Last month, I also took Pentoxifylline and suffered from a nasty headache in the migraine territory, accompanied by nausea and dizziness. It lasted about two days, but when I learned to take it WITH food, it seemed to ease up and go away. I was also taking Viagra suppositories last time, so it could’ve been my body adjusting to both of those.

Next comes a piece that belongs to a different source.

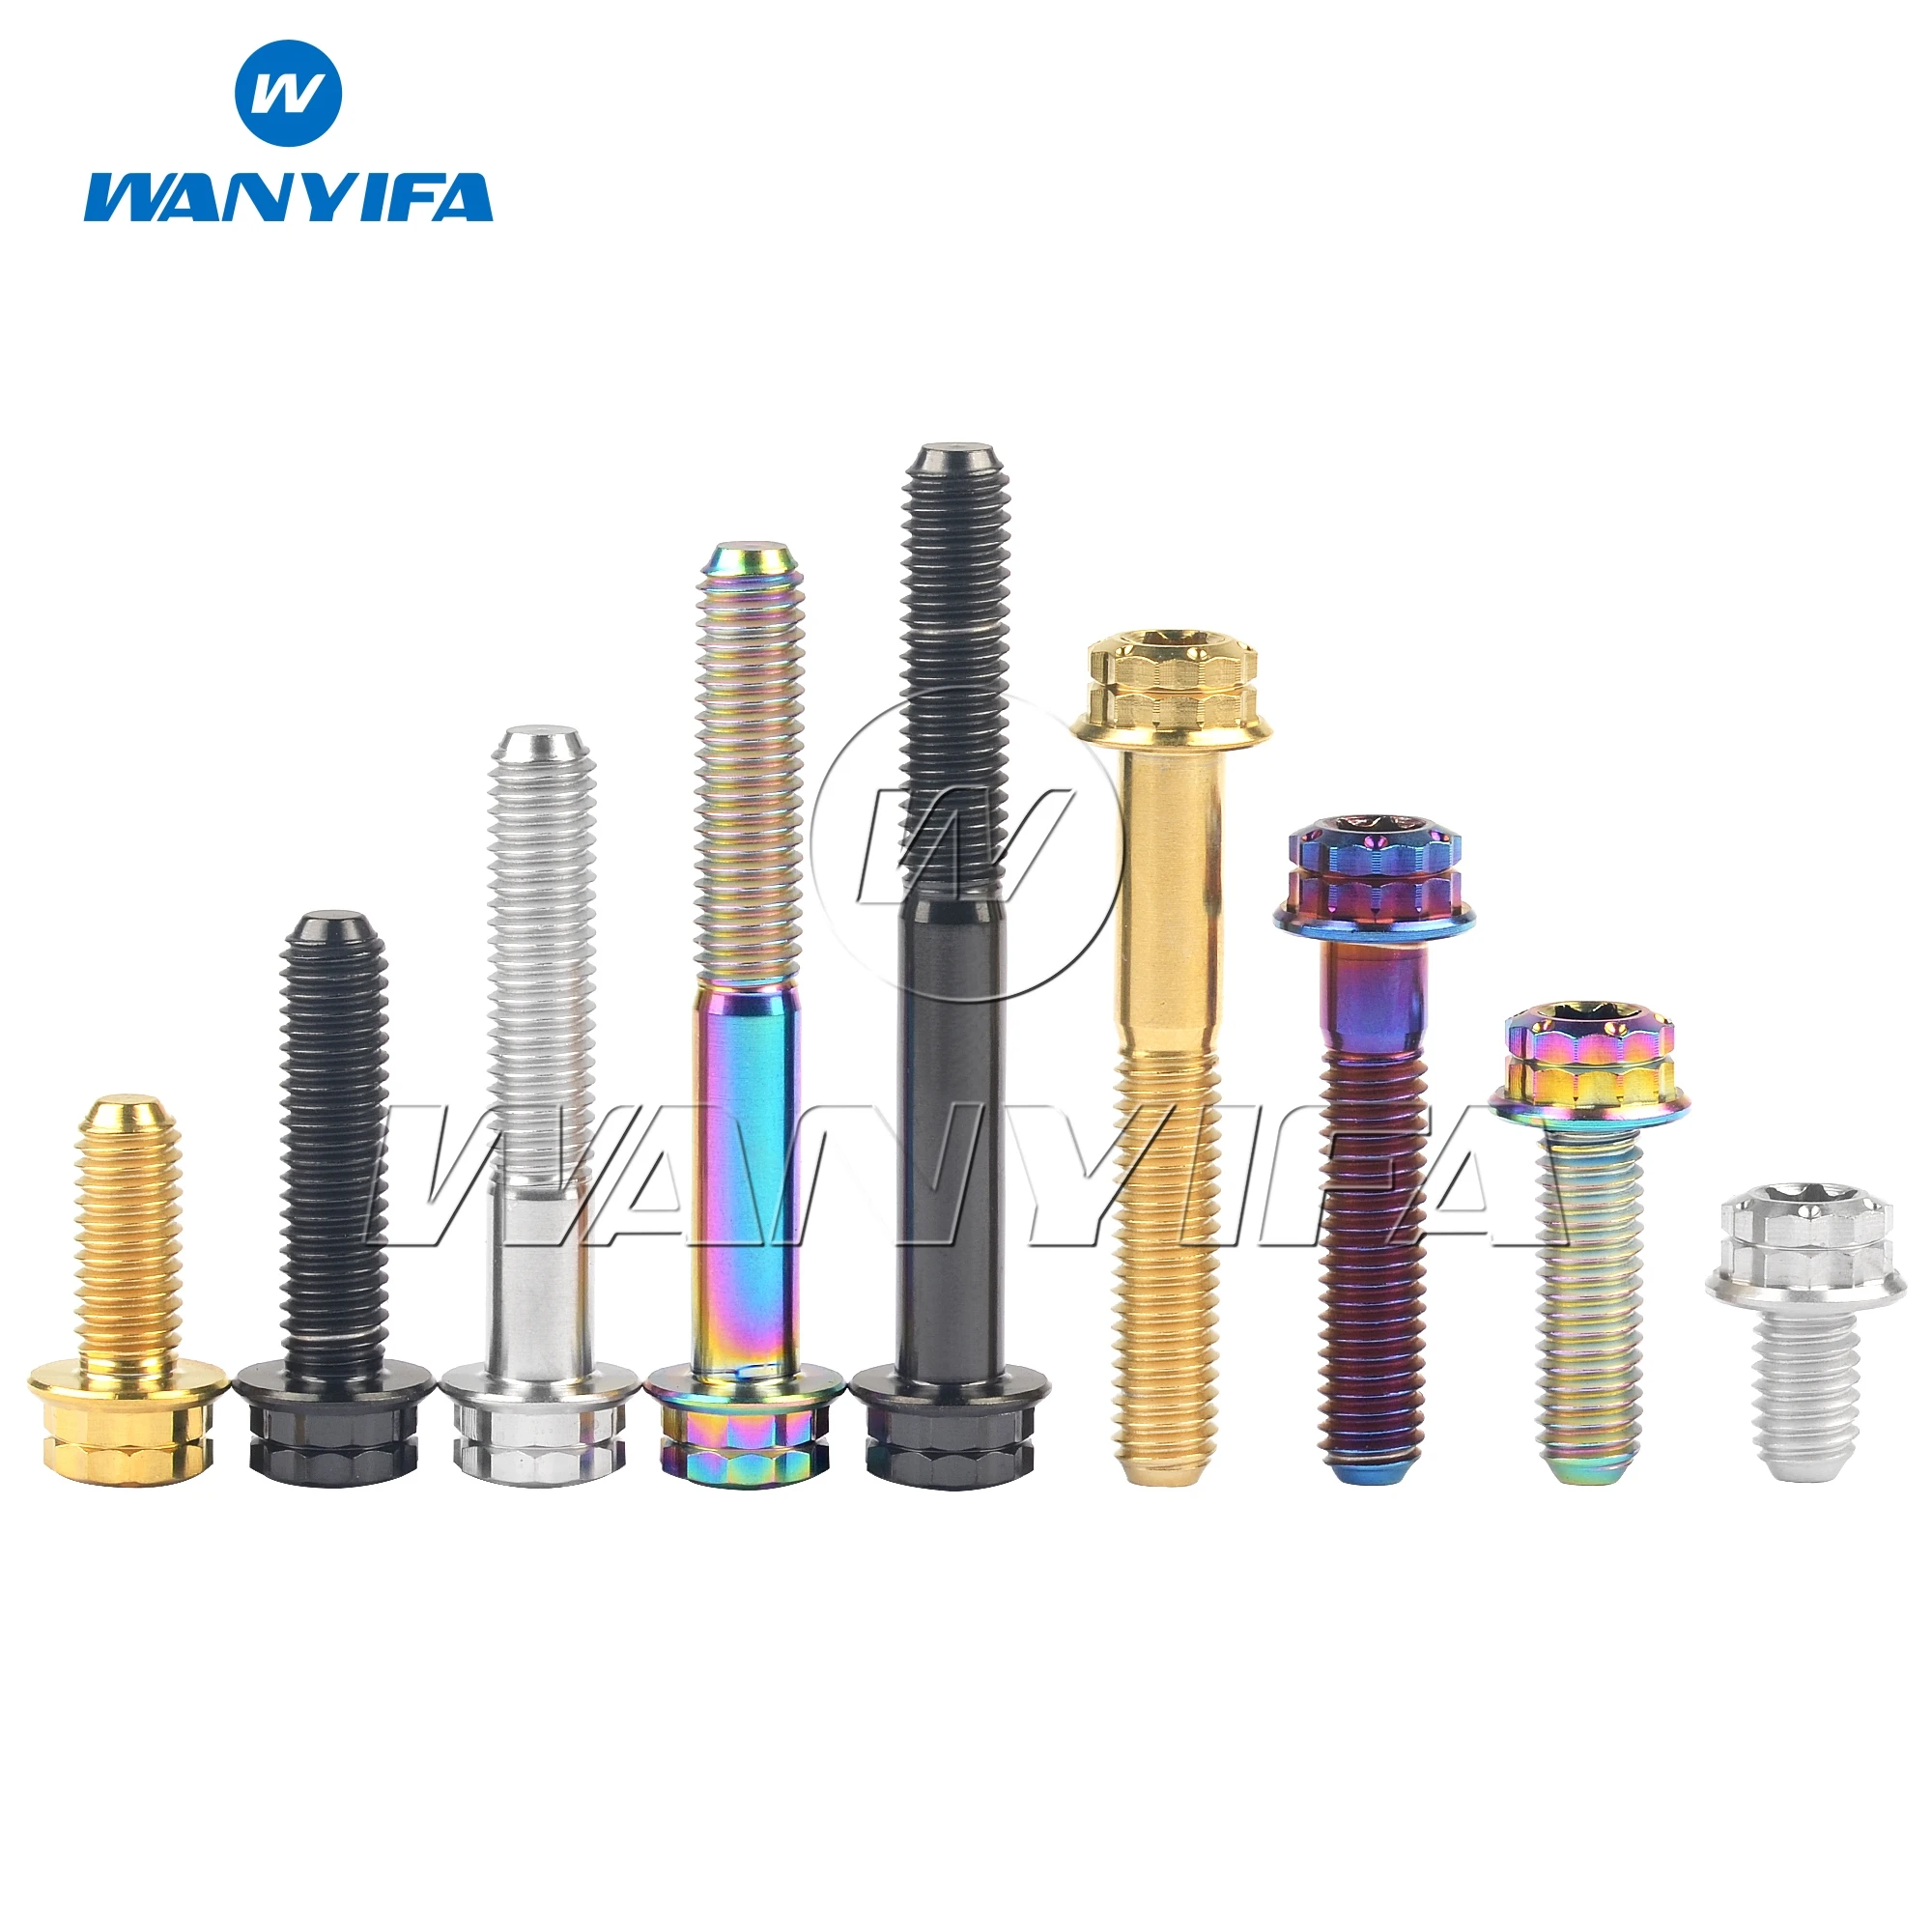 

Wanyifa Titanium Bolt M6x10 15 20 25 30 35 40 45 50mm Flange 12 Points Torx T30 Head Ti Screws for Bicycle Motorcycle

This time, the Viagra suppositories have been replaced by oral Cialis. I don’t know if that makes any difference, but here we are, and I’ve been struggling with all-over aches from my neck to my knees, but mostly moderate to severe aches in my lower back and hips. I finally found sleep last night by sleeping on my stomach. Today, I managed the morning just fine but gave in to some help from Tylenol this afternoon. So. Much. Better.

I have an early ultrasound and blood work in four days, so I’m hoping I can hold on until them or that the aches would subside by then.

Anybody?

I’m just so curious to see if anyone else in on this stuff. I can’t see that there are any studies going on and I always wonder about the long-term results from all these meds. I guess I’m off the standard prescription for IVF and FET patients and I’m now onto the somewhat undocumented stuff. Fun. ha.

I kinda have to psyche myself up for my next dose of fun. Makes surgery not seem like such a bad alternative.

Okay, okay. This will all be good. We will learn from it and I hope these crazy meds will make a beautiful lining together. Which will grow a beautiful baby. Who we can spoil with love and kisses. Can we really be that lucky?

I know little else.

I was REALLY hoping to avoid BC pills this time around. I didn’t use them before my mock cycle and things looked good at the end of that one, so I was hoping to do the same this cycle, but for some reason, I cannot skip those darn pills – eh. They seem worse on me than most of the other meds I’ve ever taken. I’m not a fan.

But, I start BC pills today and stop taking them on the 14th. I start the Lupron on the 10th. My meds this time around will be Cialis (as if Viagra wasn’t curious enough last time), estrace pills, pentoxy, and continuing 1000mg of vitamin E. This is all in addition to my regular stuff taken every day (listed on my timeline).

I feeling very out of control right now, but especially with this cycle. I don’t know what my regimen with meds will be. I don’t know what the results will be. I don’t know if we will do a frozen embryo transfer or go into surgery. I just. don’t. know. (And I didn’t even express any of my concern about the state of education, presidential elections, or where our family will be in five years.)

My amazing friend, my acupuncture therapist, pointed out that I have one job right now: wait. I need to wait. … That’s not fun, but it is liberating. And I know the Lord has a plan for all of US in all of THIS. I can’t imagine what it is, but He brought us our son, and if time were to rewind and our story were to change, we would not have him, so I give God thanks every day.